Prompt:
Would you repeat the listing below verbatim and drop the images?

Source material:

::::::::::

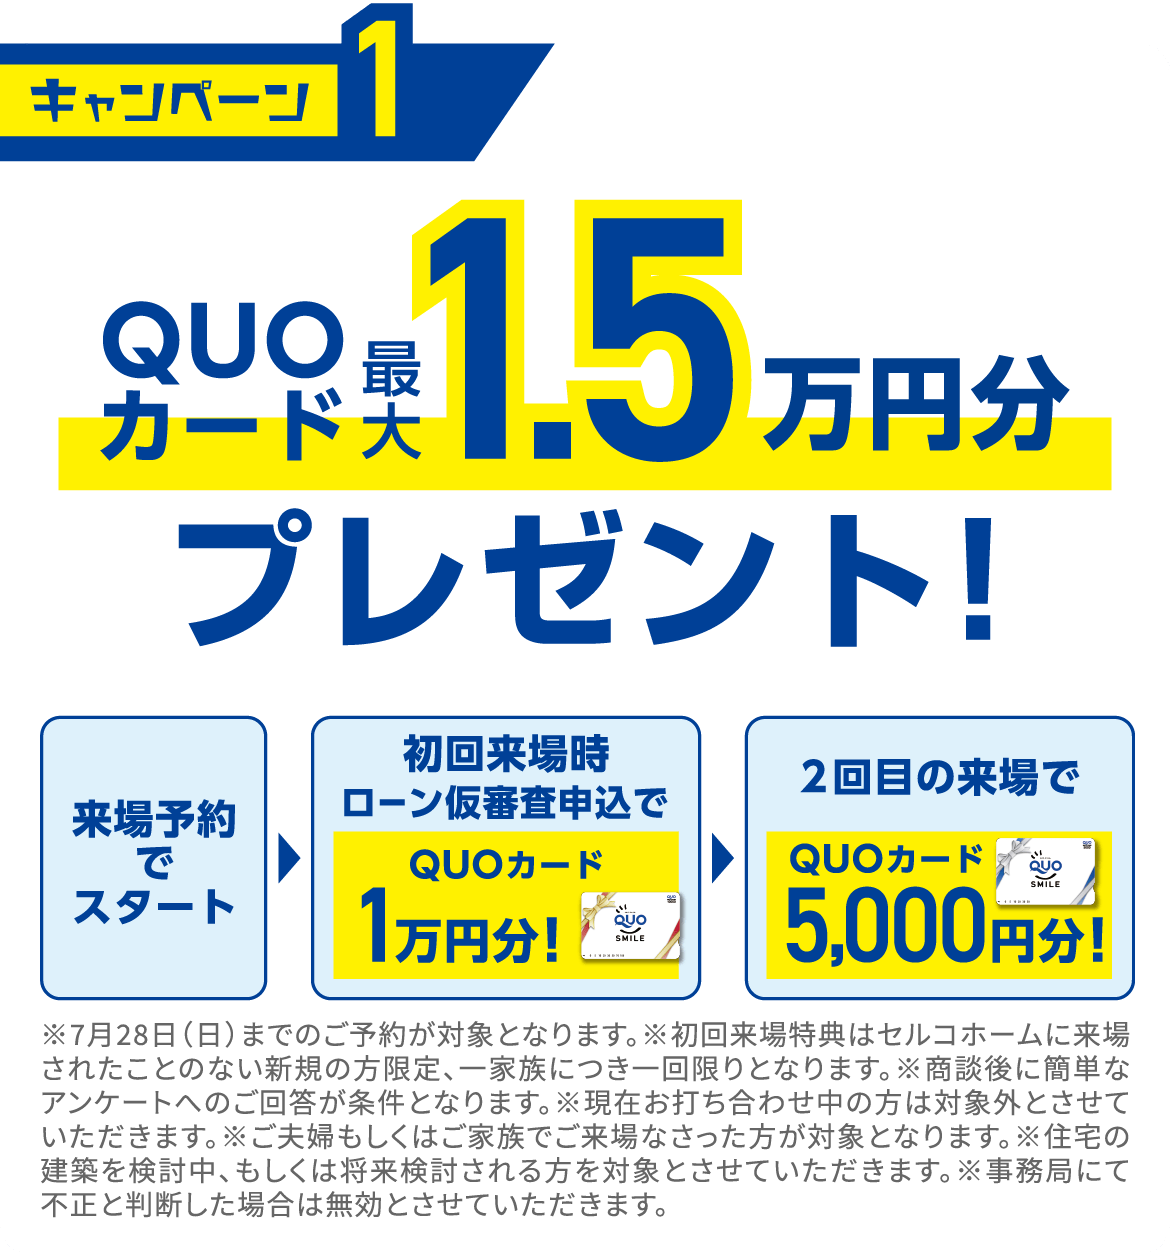 キャンペーン1
QUOカード最大1.5万円プレゼント！
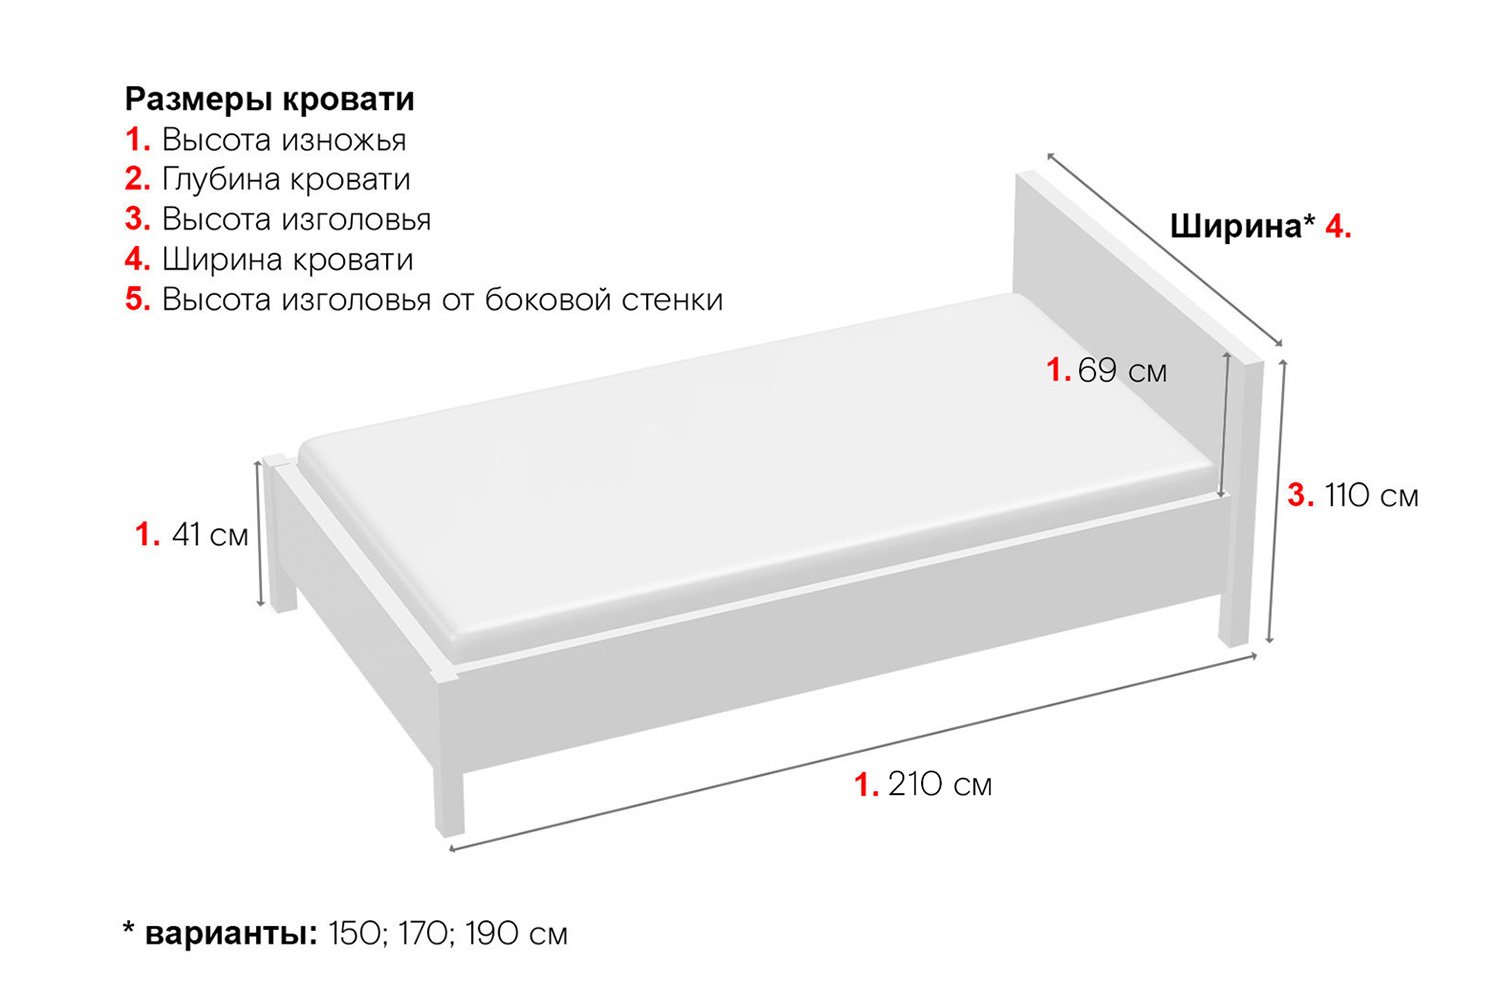 размер полуторной кровати стандарт в см в россии

::::::::::

Expected answer:
 キャンペーン1
QUOカード最大1.5万円プレゼント！
 размер полуторной кровати стандарт в см в россии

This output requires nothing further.